In the final step, the environmental impact of the WSWSCO₂ extract was calculated. The life cycle assessment (LCA) study is the most used ISO-standardized methodology, providing several insights and permitting the evaluation of environmental impacts of products and services. This kind of analysis considers the consumption of materials, the energy used (quantity and quality), and the emissions to the environment involved in the production chain of the object. There are two types of this analysis; one is called “from cradle to grave”, and it considers all the phases, either from the cultivation of vegetable raw materials or from the synthesis of synthetic raw materials to the final product used by consumers. The second one is called “from cradle to gate”, and it considers only a few parts of the process, from the cultivation/synthesis of the raw material to the production of the final material. In this study, the second approach was used to calculate the environmental impact of the supercritical CO₂ extraction of wild strawberry [44]. The WSWSCO₂ extract is characterized by low values of specific parameters (land use, water use, eutrophication, and ecotoxicity) related to the origin of the starting material that derived from the upcycled wastes of the food transformation industry. This means that the total impact of strawberry fruit production is allocated to the manufacture of strawberry jam made by Rigoni di Asiago and does not impact extract production.
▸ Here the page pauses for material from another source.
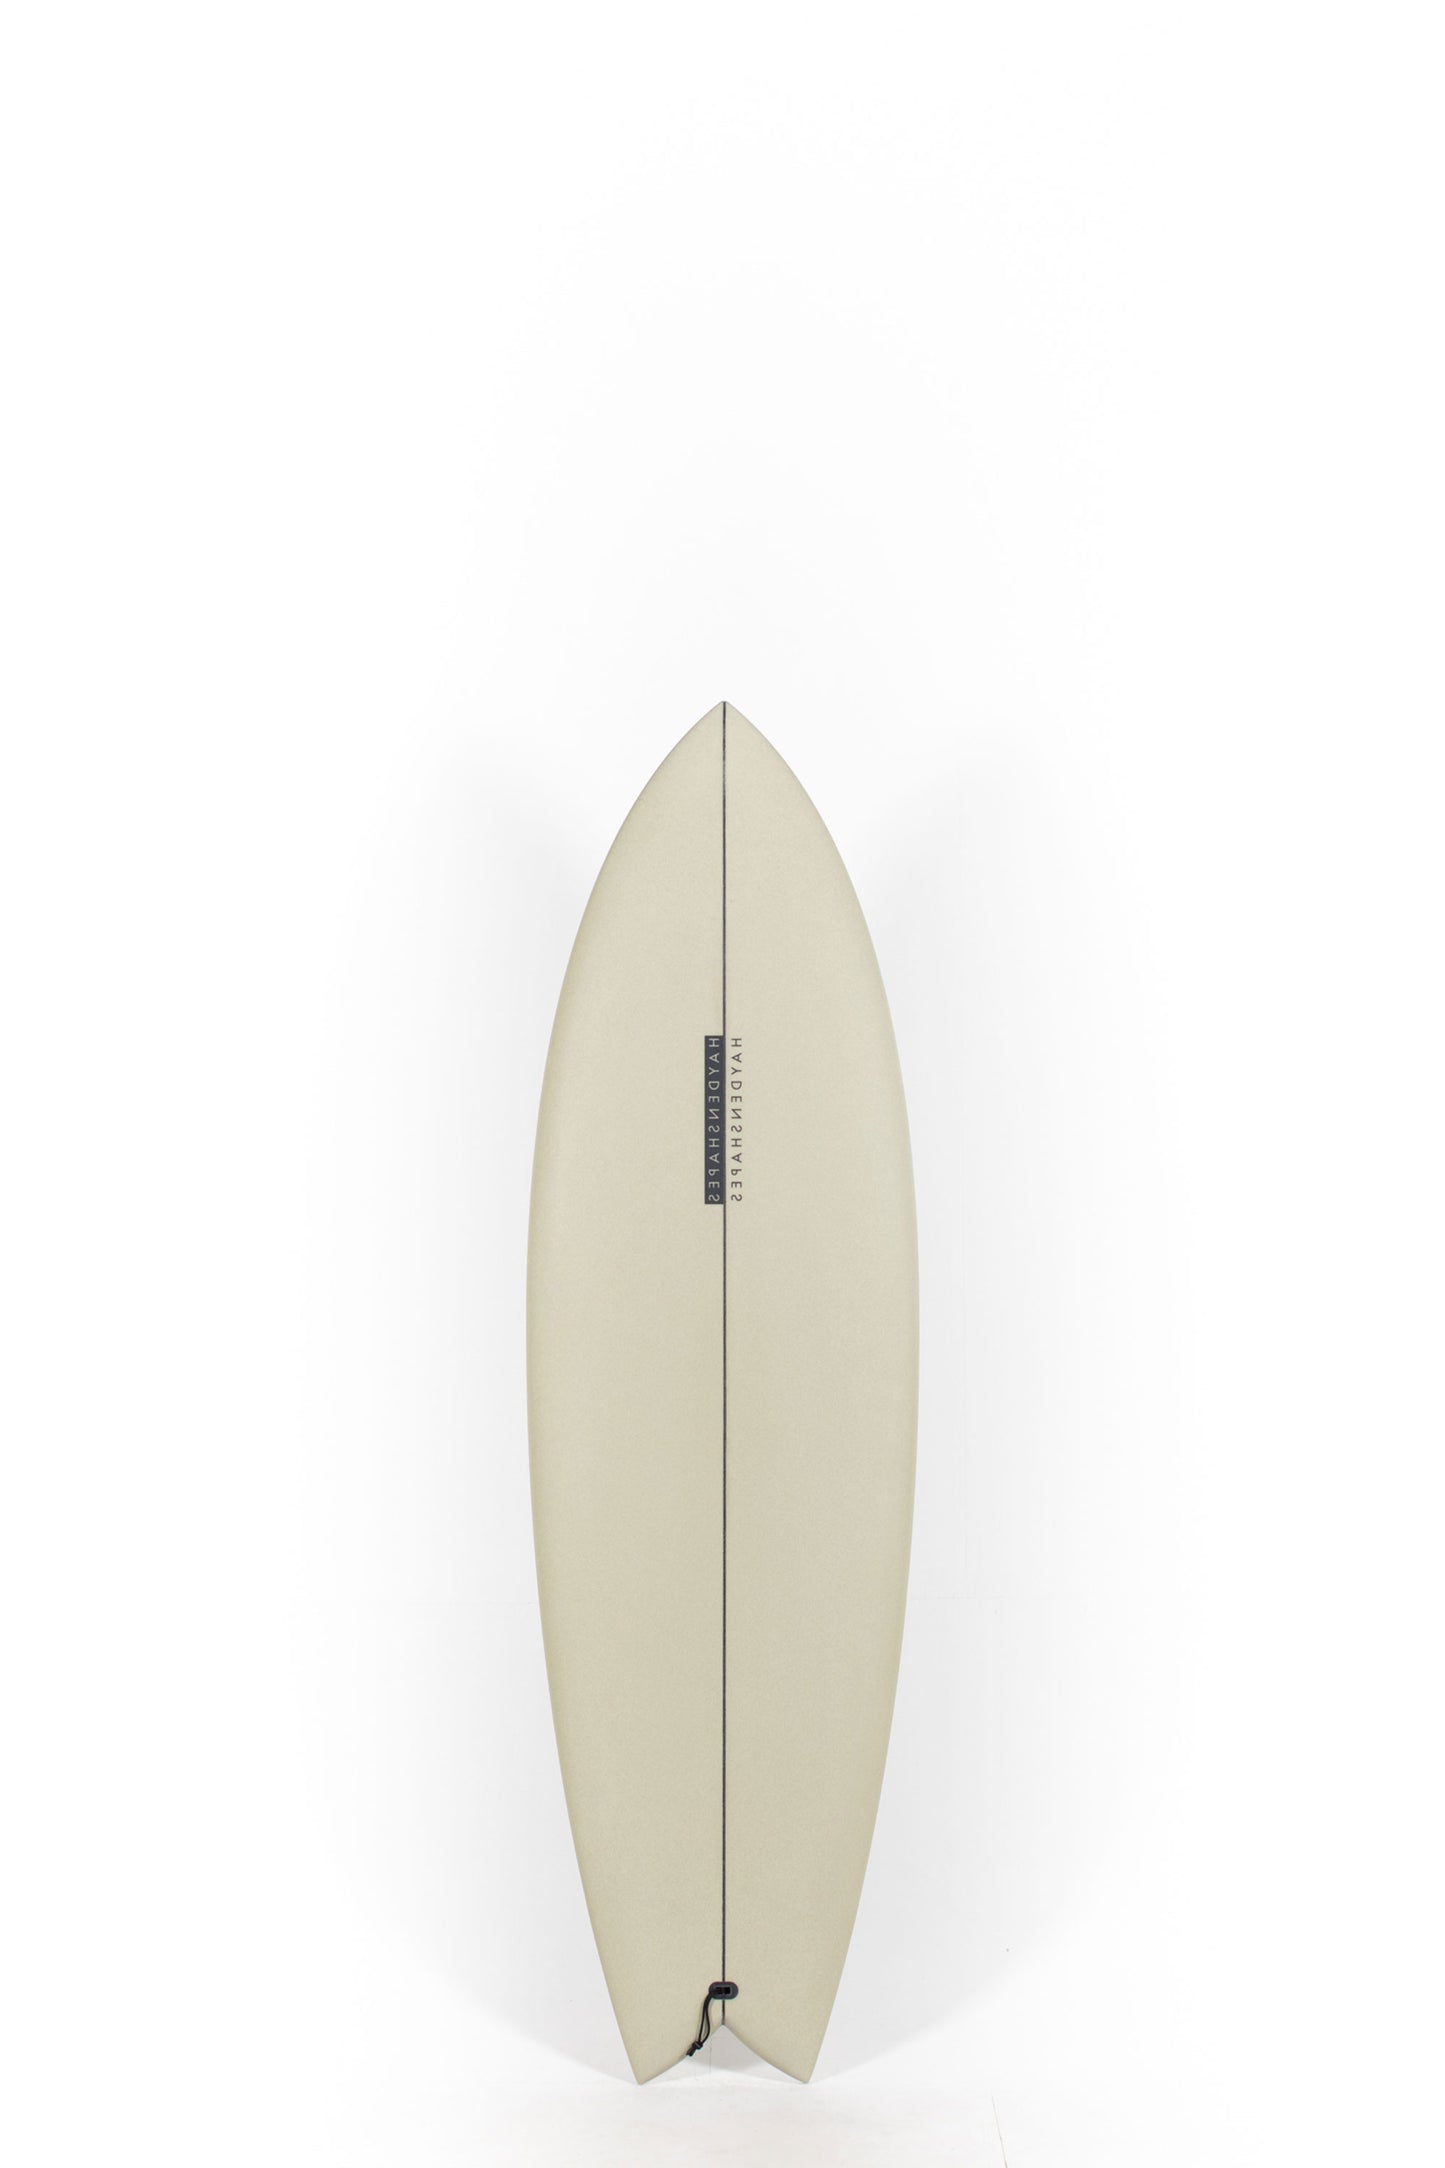 Pukas Surf Shop - HaydenShapes Surfboard - HYPTO KRYPTO TWIN PU - 6'0" X 20 1/2" X 2 3/4" - 36.98L

The Global Warming Potential of the extract presents low values related to impact of raw material cultivation and transport, as explained above. The main contribution of Global Warming Potential is mostly associated with the energy employed by supercritical CO₂ extraction, which alone represents the 99% of the impact. However, it should be considered that supercritical extraction approach is less toxic compared to conventional extraction with lyophilic organic solvents [12] and is performs better in terms of yield for the same starting material (wild strawberry) compared to cold pressing, as reported by Grajzer et al [15]. For this reason, supercritical CO₂ extraction is confirmed as an effective and green extraction technique for the recovery of fatty acids from wild strawberry waste.

5. Conclusions

Our research demonstrates that agri-food waste could be an important source for new active cosmetic ingredients. WSWSCO₂ extract is characterized by a high amount of PUFAs and significantly reduces the expression of mRNA codifying for the 5α-reductase type 1 enzyme implicated in various skin disorders, such as acne vulgaris, seborrhoea, and alopecia. The WSWSCO₂ extract represents an innovative upcycled ingredient, with low environmental impact and interesting possibilities of application in skin- and hair-care products.

In conclusion, this study opens the way for more in-depth research on the use of agri-food waste as valuable sources to obtain innovative and sustainable raw materials for cosmetic applications. In particular, the integrated approach related to new ingredient development presented in this study considers different important aspects to assess not only the quality and efficacy of the obtained waste-derived raw material but also allows for an objective evaluation of its sustainability, representing an interesting model of work for raw material producers in cosmetic field. It will be interesting and stimulating to follow the progress of this approach, also considering other types of green extractions to recover a wide profile of bio-actives from wastes and test the efficacy on various cell lines, with sustainability as key point.